We do this in various ways, for example, by setting up a certain database state (which under realistic conditions could have been modified in the meanwhile by other processes, just like our counter could have been modified), or by simulating a certain response for an outgoing network call. Again, all of this serves to convert a procedure to a function—the only thing one can actually test the functionality of in functional requirements tests, as the ‘functional’ adjective interestingly suggests.
A note on concurrency is in order here. A computation consisting of steps takes time—time in which a procedure might modify external state, and pull in external state at various points. We have already said that our counter or database might have been modified in the meanwhile. While we can account for different ways in which such state might have been modified which affect us, we can’t model any possible interdependence between us writing state and how that possibly might affect state we read in a subsequent execution step. Were we to do that, we would immediately extend the scope of the system under test and construction to the external systems and processes concurrently affecting our state—which is a boundless endeavour. Our earlier definition of a system as the biggest module we have full control over was precisely about that.
Therefore we need to disregard any relationship between our writing and reading and treat everything inbetween as a non-deterministic black box. We limit our interest in what external state we write (if it is not returned as a result) and what external state we ask for (if it is not passed in as an argument). The writing to external state can be modelled in the function context by returning instructions to write that state, instead of actually performing writes. The pulling in of external state can be modelled as additional argument parts of the single argument in the form: “when asked the first time for x, return 1, when asked the second time for x, return 3, etc.”[2]
In the ‘Functional Programming’ paradigm, great emphasis is placed on dealing with functions wherever we can and composing bigger functions from smaller functions. Dealing with functions takes concurrent modifications out of the picture. They are easily testable and easily understandable. In general, it has been pointed out that good testability reflects good architecture. This is certainly true.

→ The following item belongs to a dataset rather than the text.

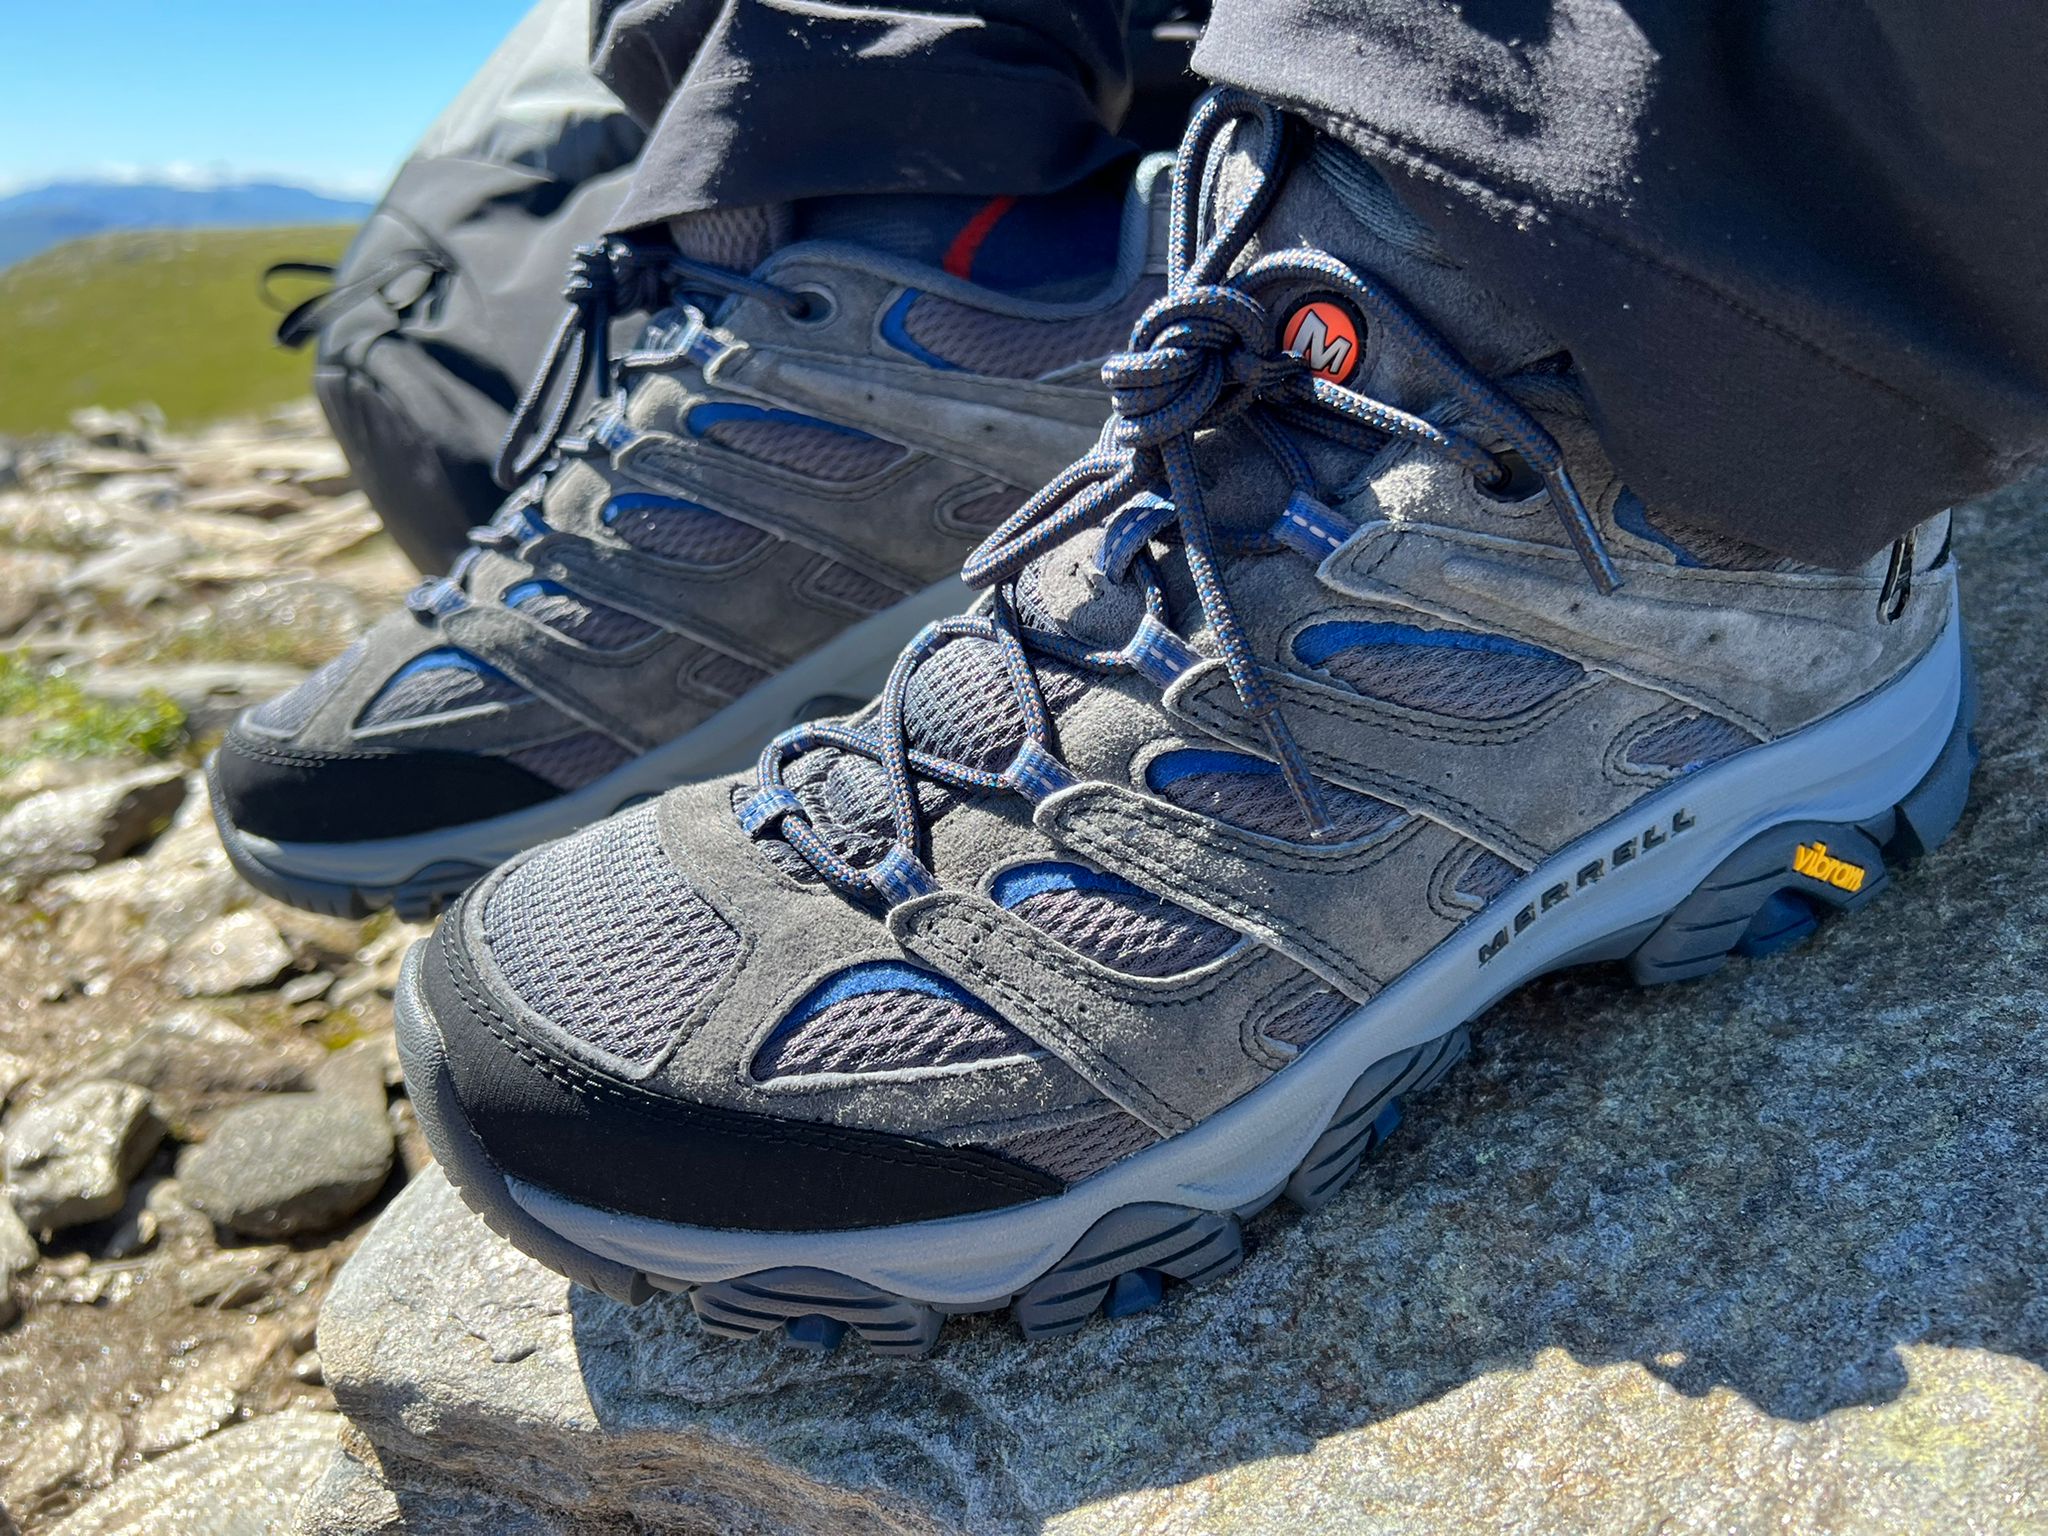 What You Really Get From a Budget Hiking Shoe

It also makes everyone’s life easier if what we earlier called “what we are interested in” is explicitly captured in a (pure) function’s parameter signature, in contrast of procedures which “reach out” into the world external to them. It is simply easier to understand[3], therefore easier to construct and test.
That said, dealing with state in functional requirements tests is nothing we can avoid. Nothing changes the fact that at some point we need to apply our conversion trick when we test something smaller than a computer and something bigger than simple functions[4]—which we need to do when we want to test side effects, which is when we do functional requirements testing of meaningfully large chunks of the systems we construct.

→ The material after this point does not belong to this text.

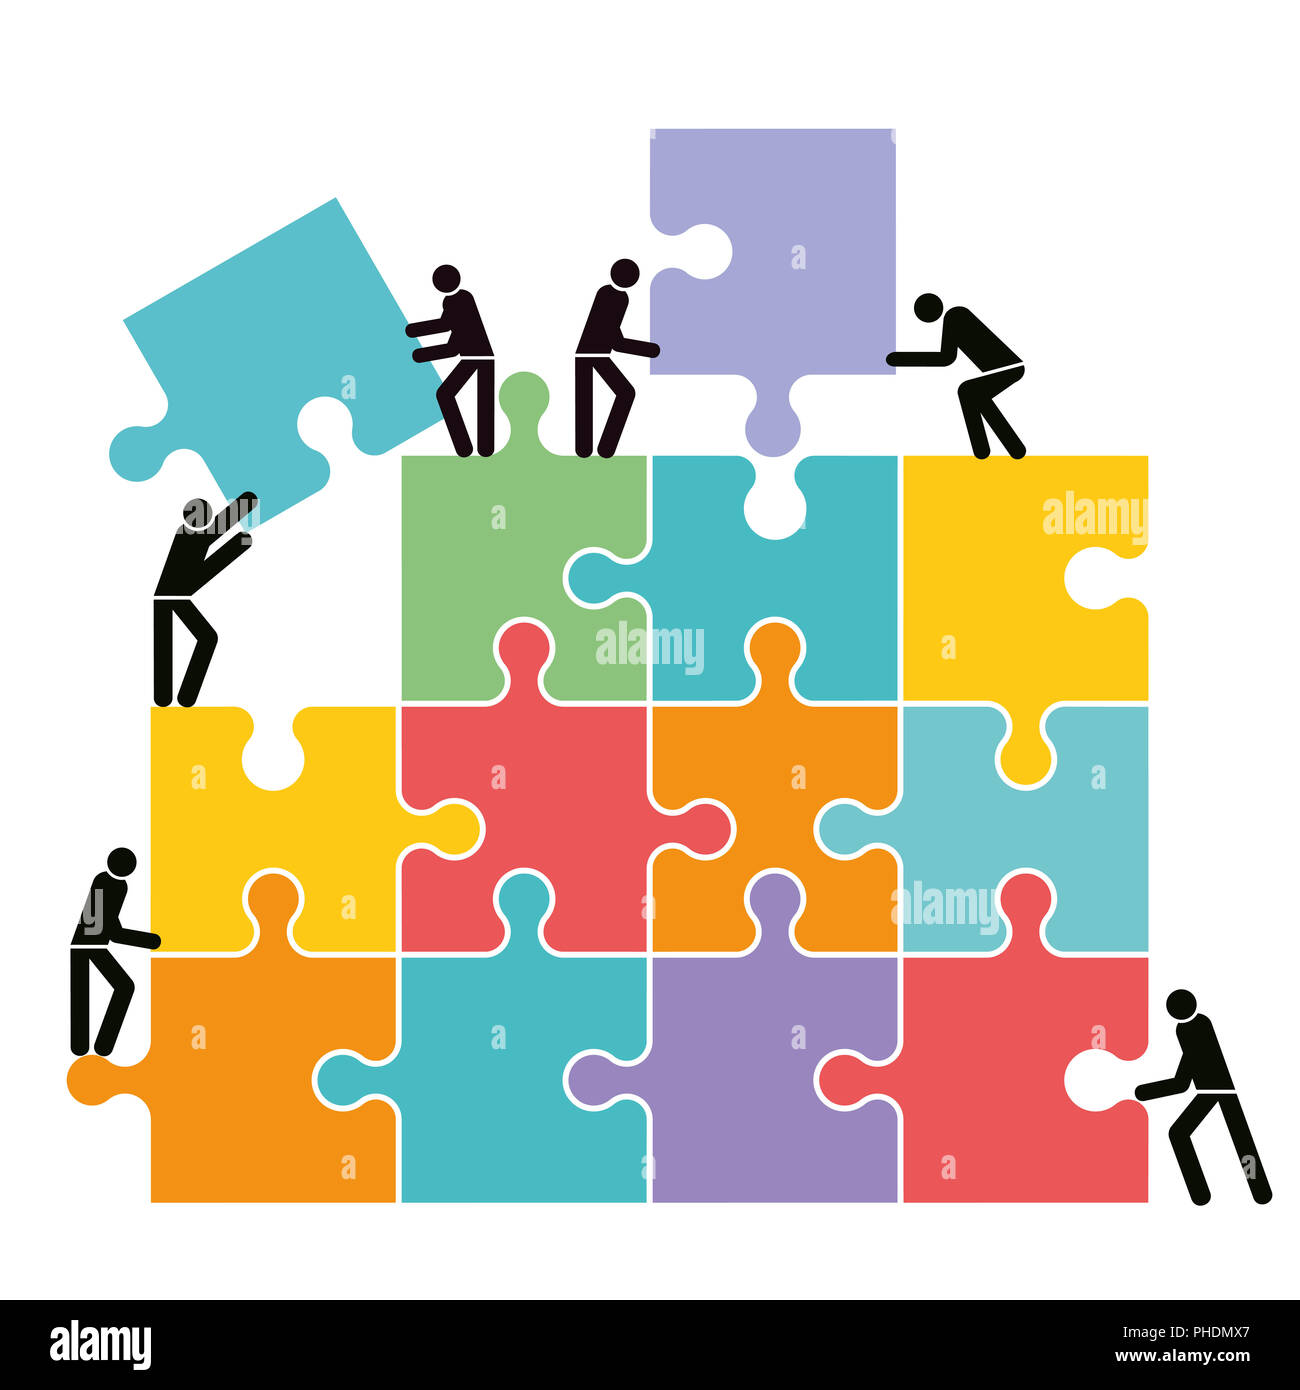 Collaborate and connect, illustration Stock Photo

In conclusion, as far as functional requirements are concerned, our only means to verify whether those are met consists in testing functions. Therefore, when a system under test is a procedure, we need to arrange for it to behave like a function.
Footnotes
This isn’t overly complicated, but it’s important enough that I want to credit Programming in Haskell (second edition) by Graham Hutton, which really drove the point home for me. See the opening of Chapter 10 in particular.
We can formulate this as data, for example
{:when f-called :return [1 3]}.We say that pure functions allow for ‘local reasoning’, which keeps the cognitive load light.
Better said, the biggest functions we manage to construct before we necessarily need to incorporate side effects. See ‘functional core, imperative shell’ pattern.